Mais elle ne pouvait empêcher le gémissement de ses regards, la sueur de son front, le sursaut convulsif, aussitôt réprimé, de ses membres.
— Je n’ai pas mal, je me plains parce que je suis mal couchée, je me sens les cheveux en désordre, j’ai mal au cœur, je me suis cognée contre le mur.
Et ma mère, au pied du lit, rivée à cette souffrance comme si, à force de percer de son regard ce front douloureux, ce corps qui recelait le mal, elle eût dû finir par l’atteindre et l’emporter, ma mère disait :
— Non, ma petite maman, nous ne te laisserons pas souffrir comme ça, on va trouver quelque chose, prends patience une seconde, me permets-tu de t’embrasser sans que tu aies à bouger ?
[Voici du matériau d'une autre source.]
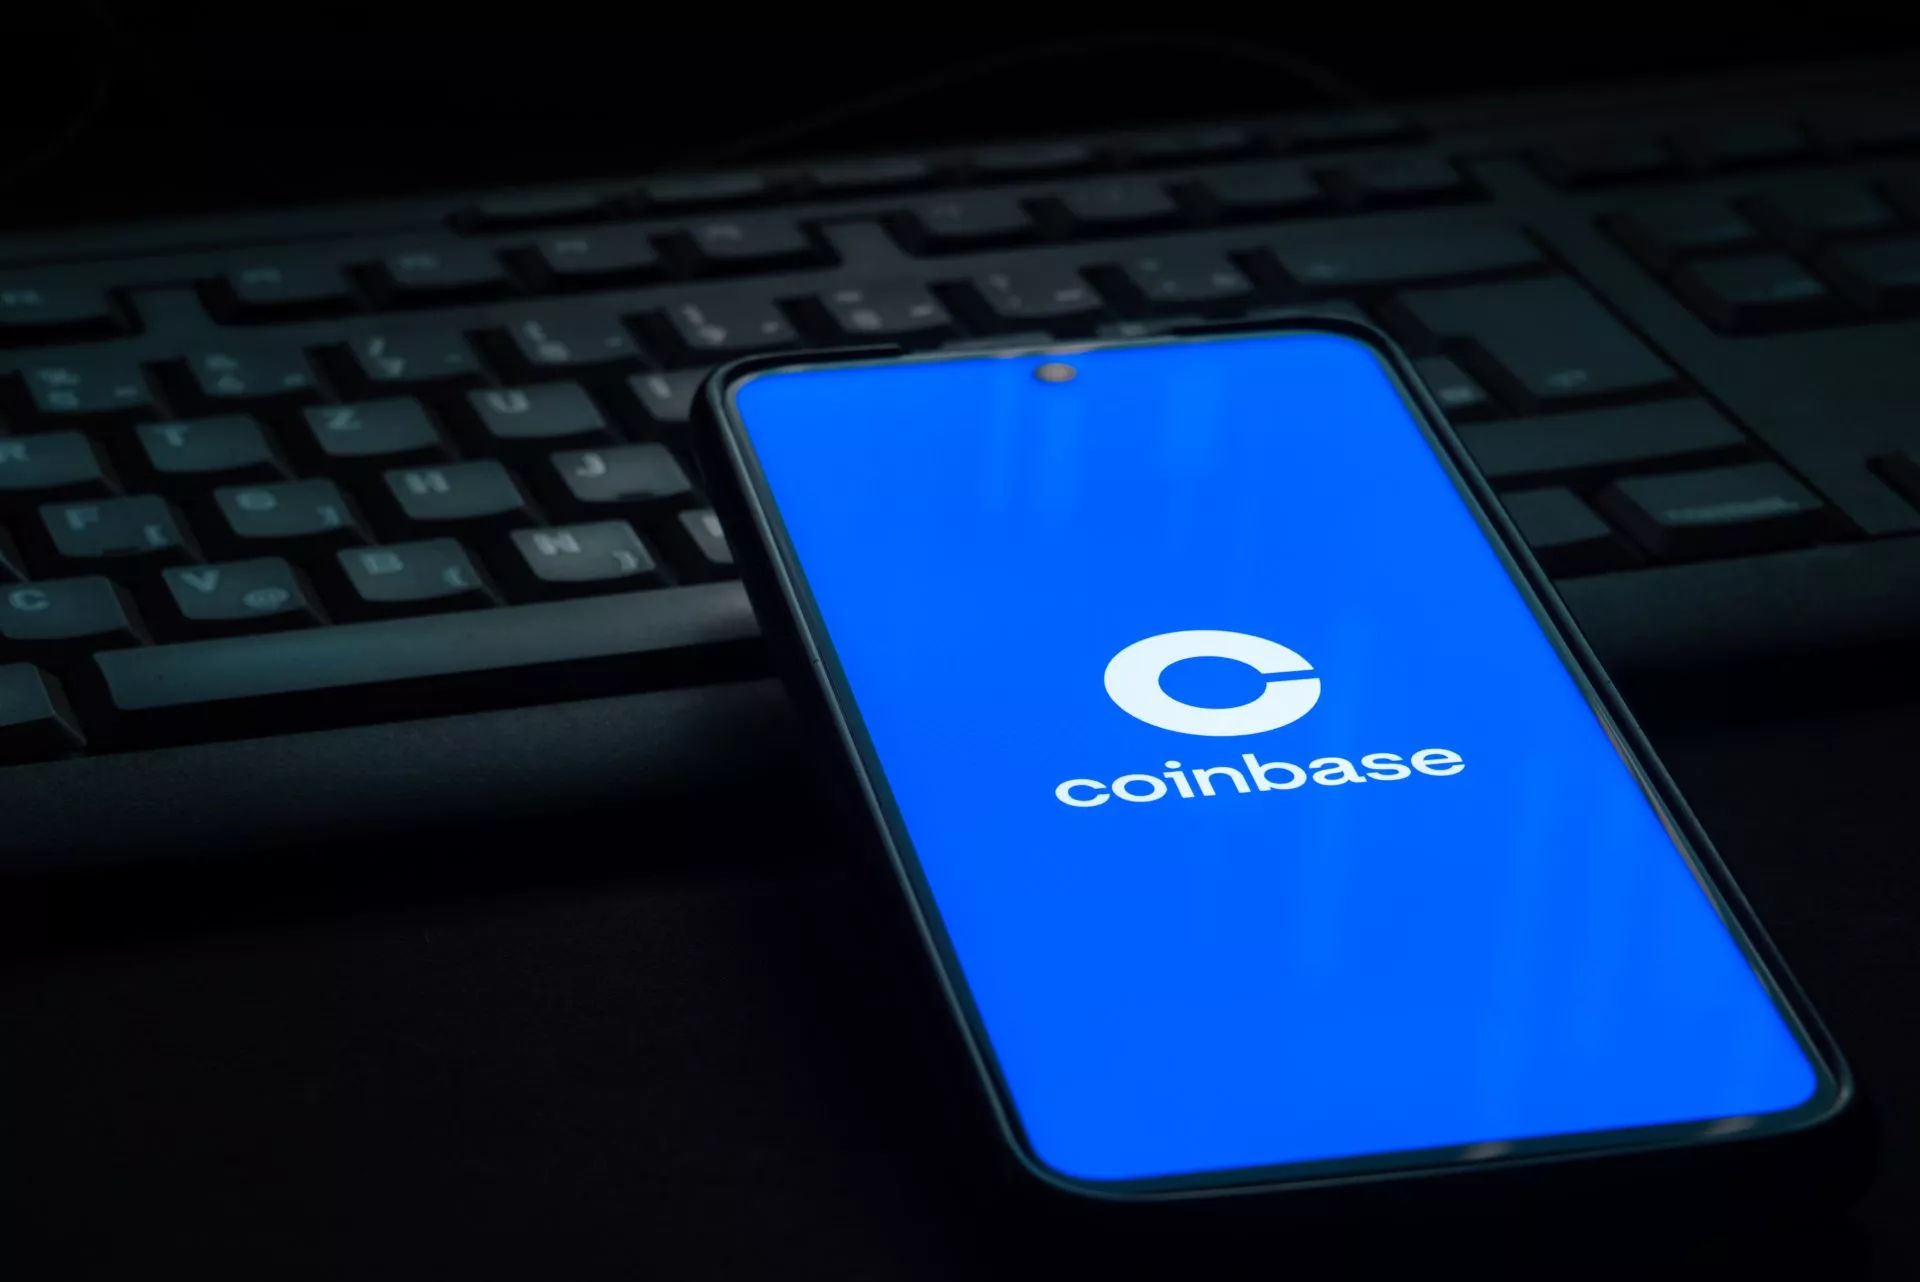 Coinbase cryptocurrency exchange logo on smartphone screen

Et penchée sur le lit, les jambes fléchissantes, à demi agenouillée, comme si, à force d’humilité, elle avait plus de chance de faire exaucer le don passionné d’elle-même, elle inclinait vers ma grand’mère toute sa vie dans son visage comme dans un ciboire qu’elle lui tendait, décoré en reliefs de fossettes et de plissements si passionnés, si désolés et si doux qu’on ne savait pas s’ils y étaient creusés par le ciseau d’un baiser, d’un sanglot ou d’un sourire. Ma grand’mère essayait, elle aussi, de tendre vers maman son visage. Il avait tellement changé que sans doute, si elle eût eu la force de sortir, on ne l’eût reconnue qu’à la plume de son chapeau. Ses traits, comme dans des séances de modelage, semblaient s’appliquer, dans un effort qui la détournait de tout le reste, à se conformer à certain modèle que nous ne connaissions pas. Ce travail de statuaire touchait à sa fin et, si la figure de ma grand’mère avait diminué, elle avait également durci. Les veines qui la traversaient semblaient celles, non pas d’un marbre, mais d’une pierre plus rugueuse. Toujours penchée en avant par la difficulté de respirer, en même temps que repliée sur elle-même par la fatigue, sa figure fruste, réduite, atrocement expressive, semblait, dans une sculpture primitive, presque préhistorique, la figure rude, violâtre, rousse, désespérée de quelque sauvage gardienne de tombeau. Mais toute l’œuvre n’était pas accomplie. Ensuite, il faudrait la briser, et puis, dans ce tombeau — qu’on avait si péniblement gardé, avec cette dure contraction — descendre.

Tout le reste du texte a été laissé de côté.